Issue the following command to install the required python packages:
```
sudo python3 -m pip install -r requirements.txt
```
Issue the following command to install the required OS packages. If you have any NFS connections, you must install the required packages.
```
sudo yum install nfs-utils
```
Note: For each connection you have in the administration page in the UI, the IBM Spectrum Discover application SDK creates the following:
- A sftp connection for each IBM Storage Scale connection
- A local NFS mount for each NFS connection
- A boto3 client for each COS connection

Define environment variables as shown.

export SPECTRUM_DISCOVER_HOST=https://<spectrum_discover_host>
# The IP or Fully Qualified Domain Name of your IBM Spectrum Discover instance.
# Default: https://localhost

export APPLICATION_NAME=<application_name>
# A short but descriptive name of your application.
# EX: exif-header-extractor-application or cos-x-amz-meta-extractor-application
# Default: sd_sample_application

export APPLICATION_USER=<application_user>
# A dataadmin user. Ex: sdadmin

export APPLICATION_USER_PASSWORD=<application_user_password>
# The password of the above dataadmin user.

export KAFKA_DIR=<directory_to_save_certificates>
# Directory where the kafka certs will be saved.
# Default: ./kafka

export LOG_LEVEL=<ERROR WARNING INFO DEBUG>
# Default: INFO

Start the sample application, by issuing the following command:
```
sudo -E python3 ./ExampleApplication.py
```

Scaling an application

An application by design processes each of the records one at a time. You can scale the number of replicas the pod is running to process records in parallel. You can scale up to 10 replicas based on the number of partitions available for the Kafka topics.
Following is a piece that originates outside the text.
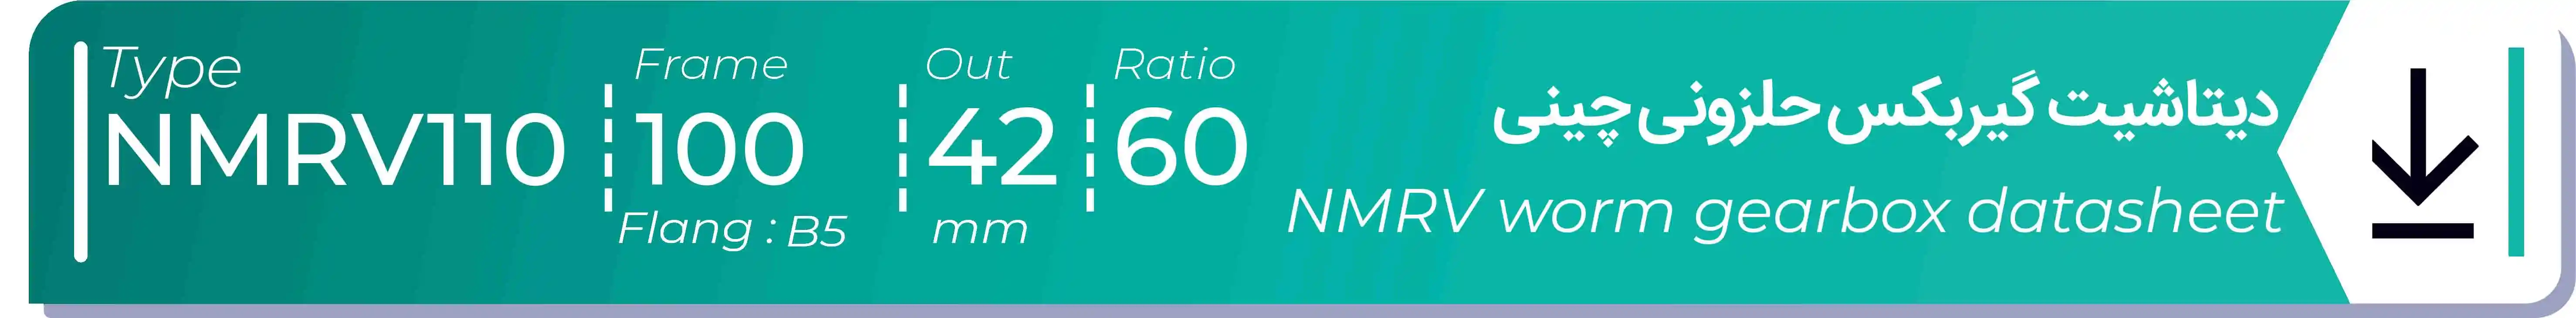  دیتاشیت و مشخصات فنی گیربکس حلزونی چینی   NMRV110  -  با خروجی 42- میلی متر و نسبت60 و فریم 100

Create a JSON-formatted file with the following information (the file that is created is named replicas.json):

{
  "replicas": 10
}

Then, run the following command to scale the replicas:

tcurl_json https://localhost/api/application/appcatalog/helm/interesting-anaconda-example-application -d@replicas.json -X PATCH

Note: In this example, interesting-anaconda-example-application is the combination of deployment_name and chart_name from the

Running an
application

section.

Stopping an application

Run the following command to stop an application (no matter how many replicas you scale):

tcurl_json https://localhost/api/application/appcatalog/helm/interesting-anaconda -X DELETE | jq

Note: In this example, interesting-anaconda is the chart_name when the application was started.